### TASK DIRECTIONS
This exercise calls for retyping every line below exactly, with the images omitted.

### MATERIAL PROVIDED
====================
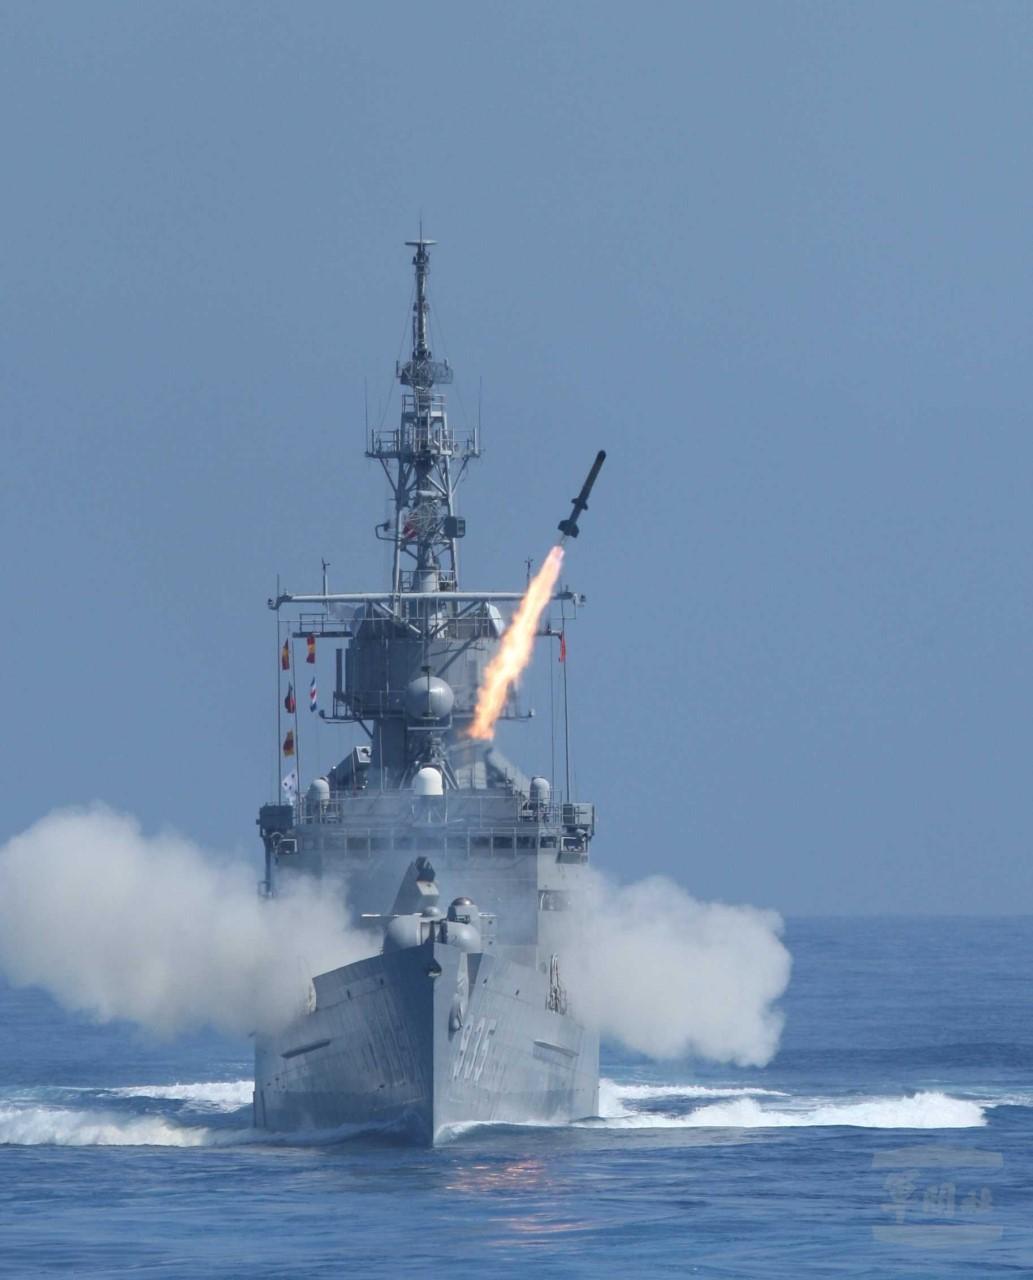 濟陽級軍艦是海軍唯一可發射ASROC(阿斯洛克)反潛火箭的軍艦
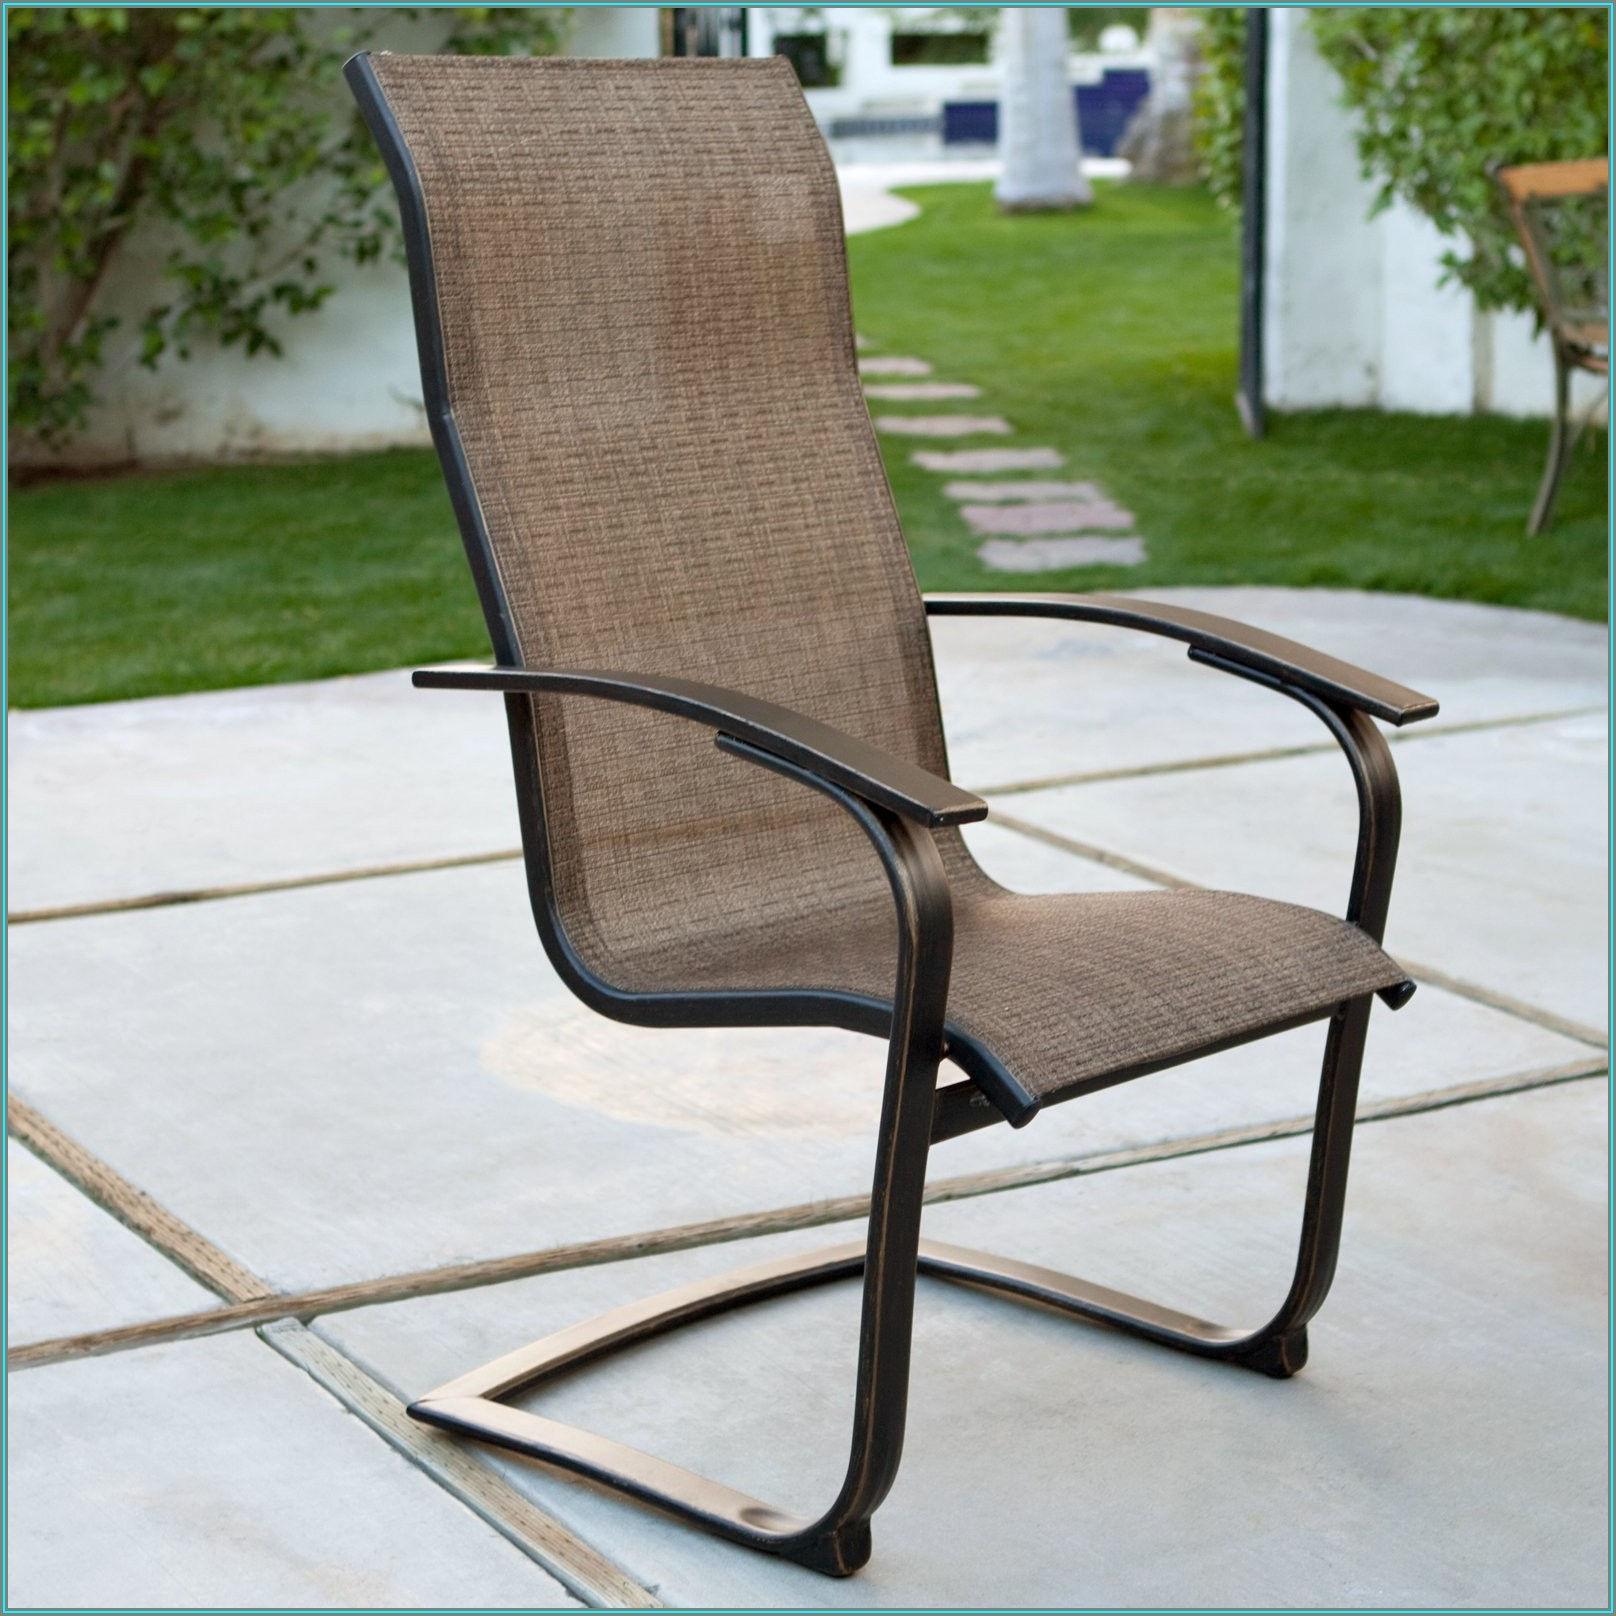 Summerwinds Aluminum Patio Furniture
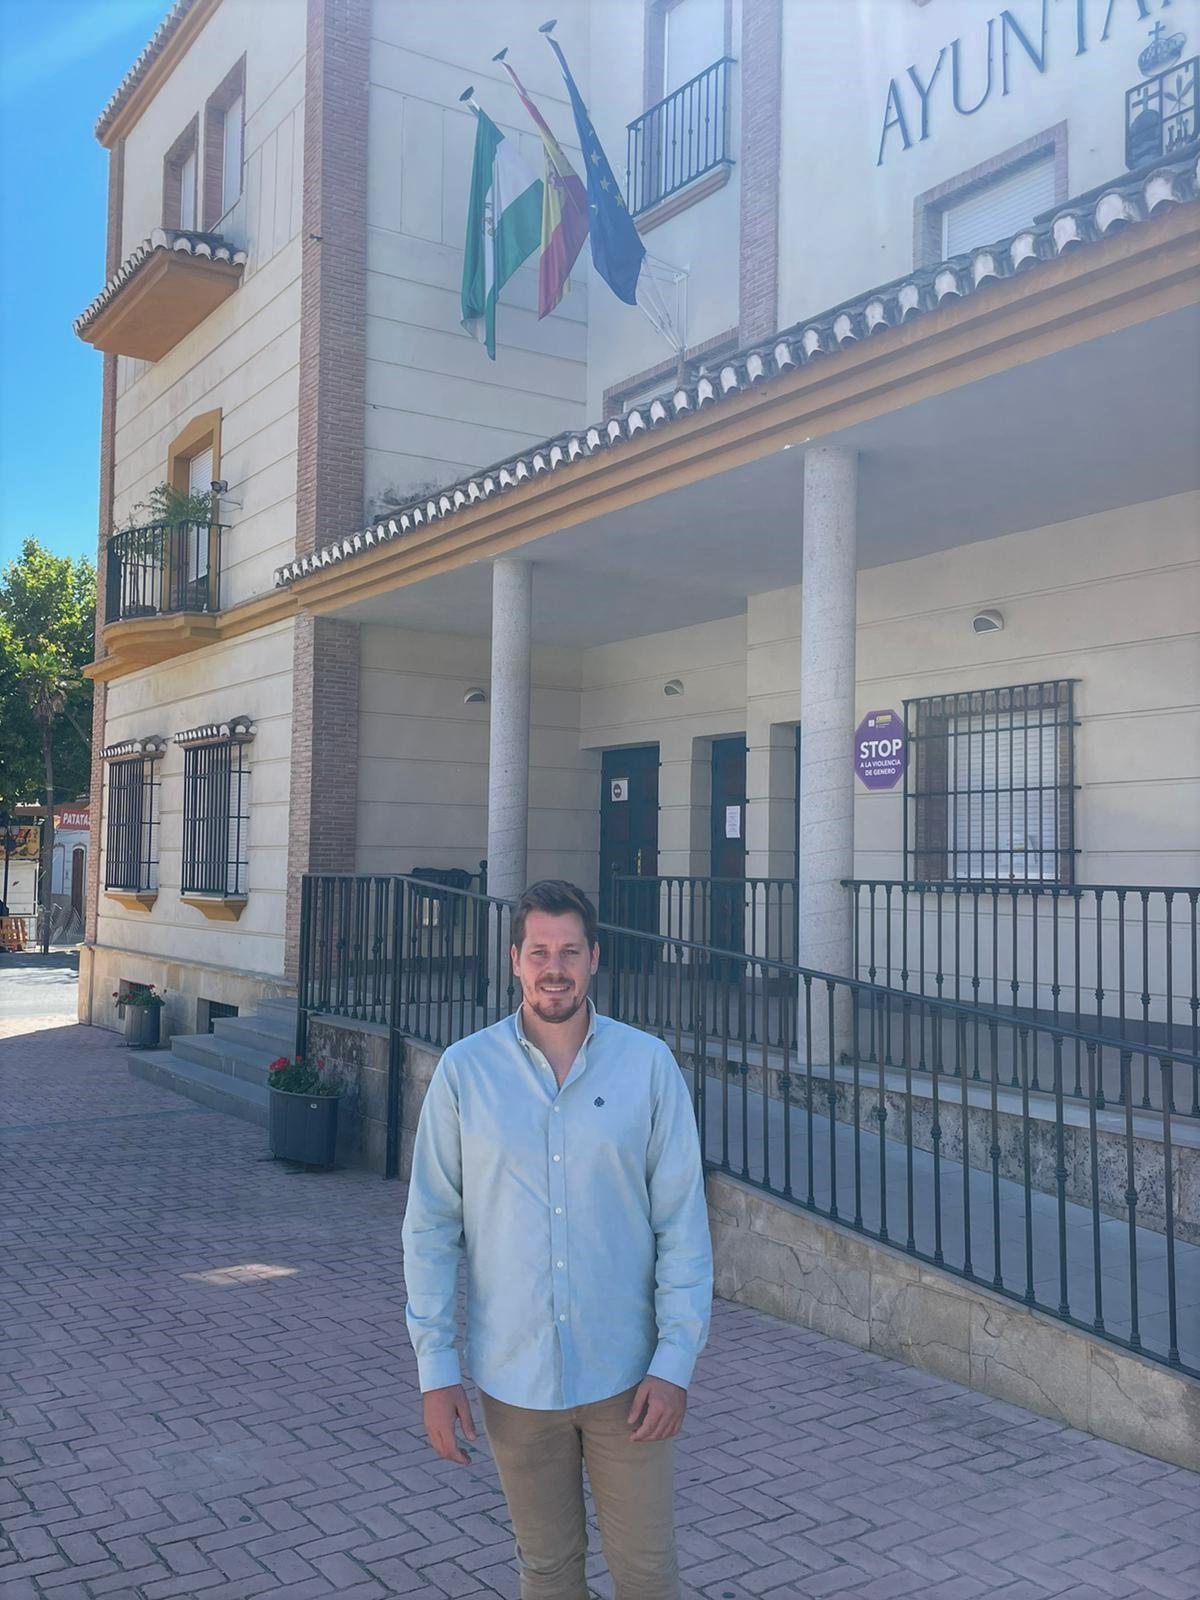 El PP de Padul reclama al alcalde que cubra las vacantes en la Policía Local y vele por la seguridad del municipio
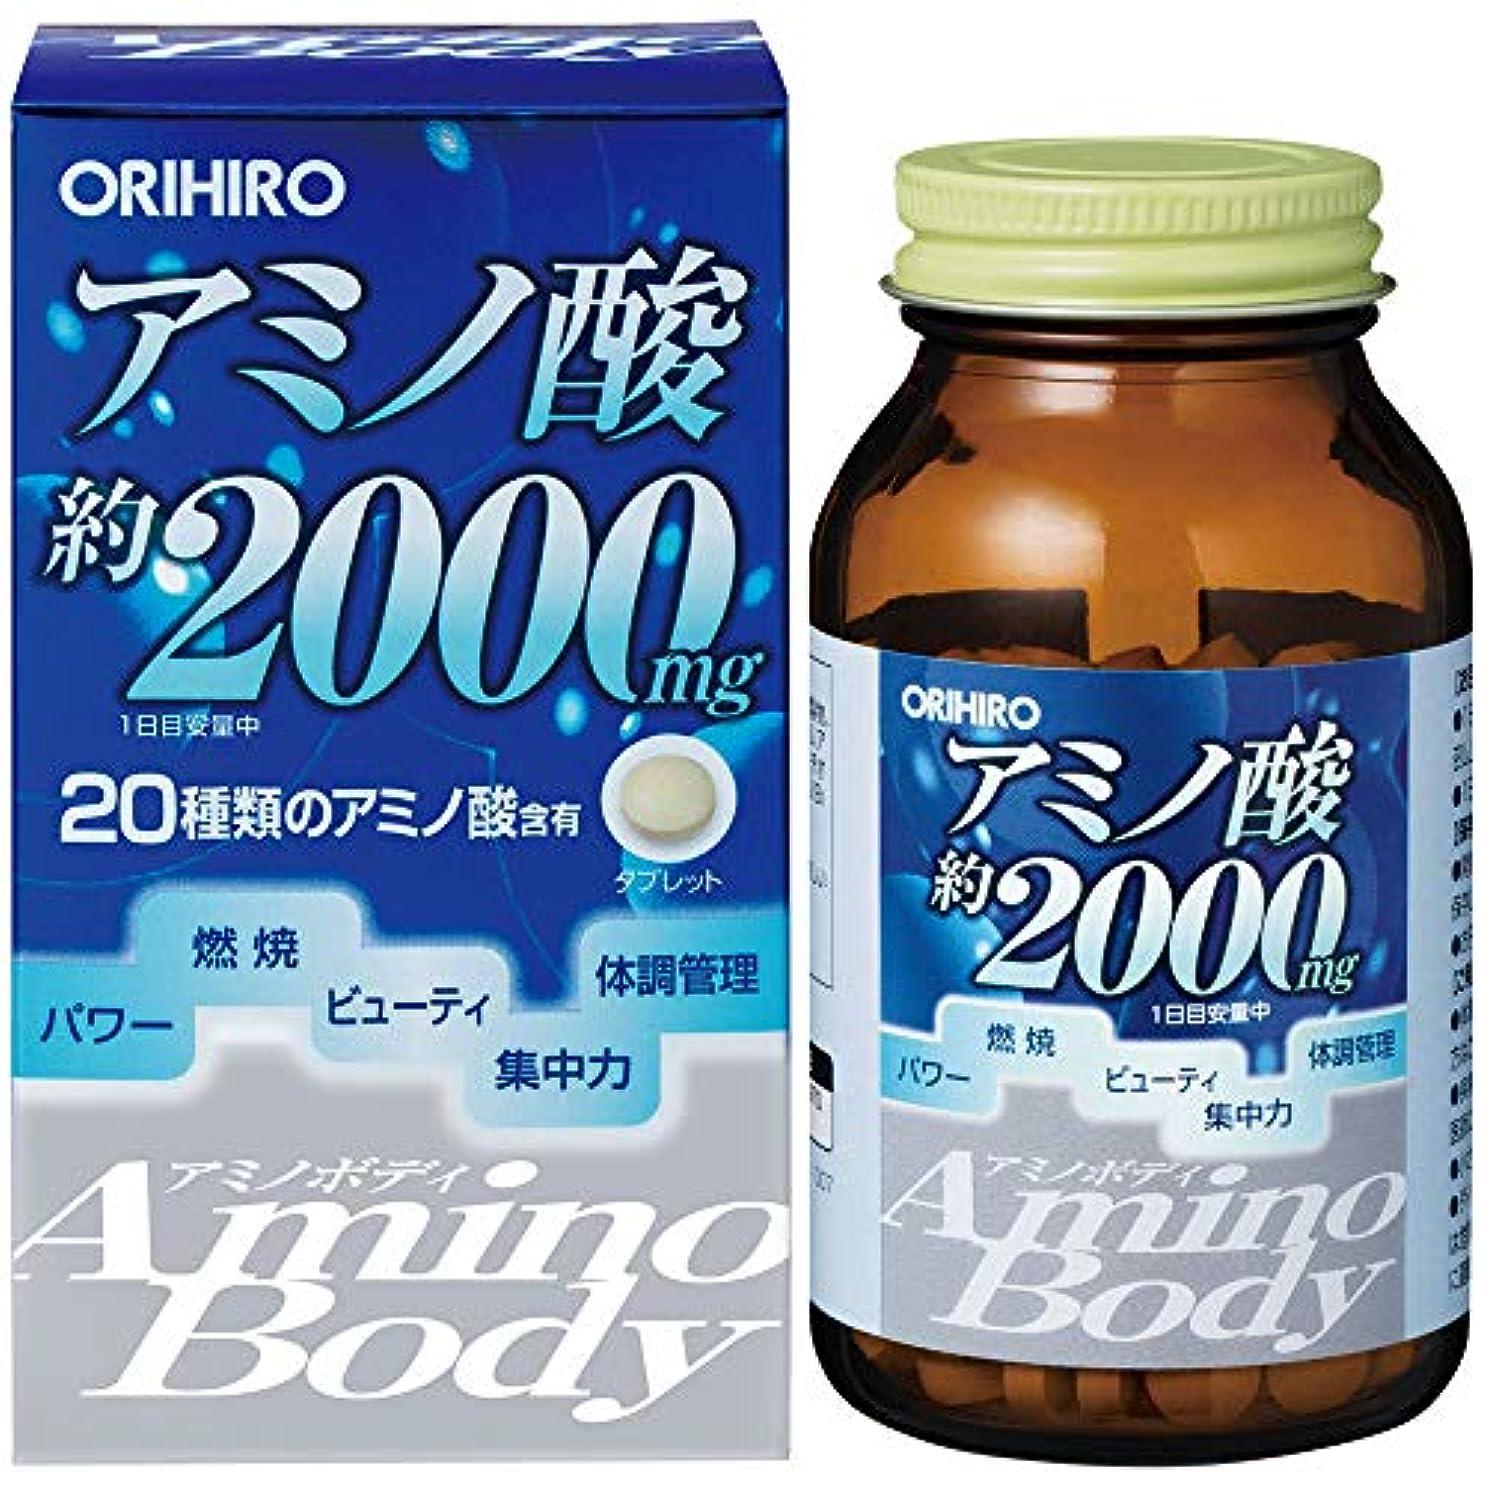 テザー施設最もオリヒロ Amino Body アミノボディ(大豆ペプチド)
====================
### TASK SOLUTION
 濟陽級軍艦是海軍唯一可發射ASROC(阿斯洛克)反潛火箭的軍艦
 Summerwinds Aluminum Patio Furniture
 El PP de Padul reclama al alcalde que cubra las vacantes en la Policía Local y vele por la seguridad del municipio
 テザー施設最もオリヒロ Amino Body アミノボディ(大豆ペプチド)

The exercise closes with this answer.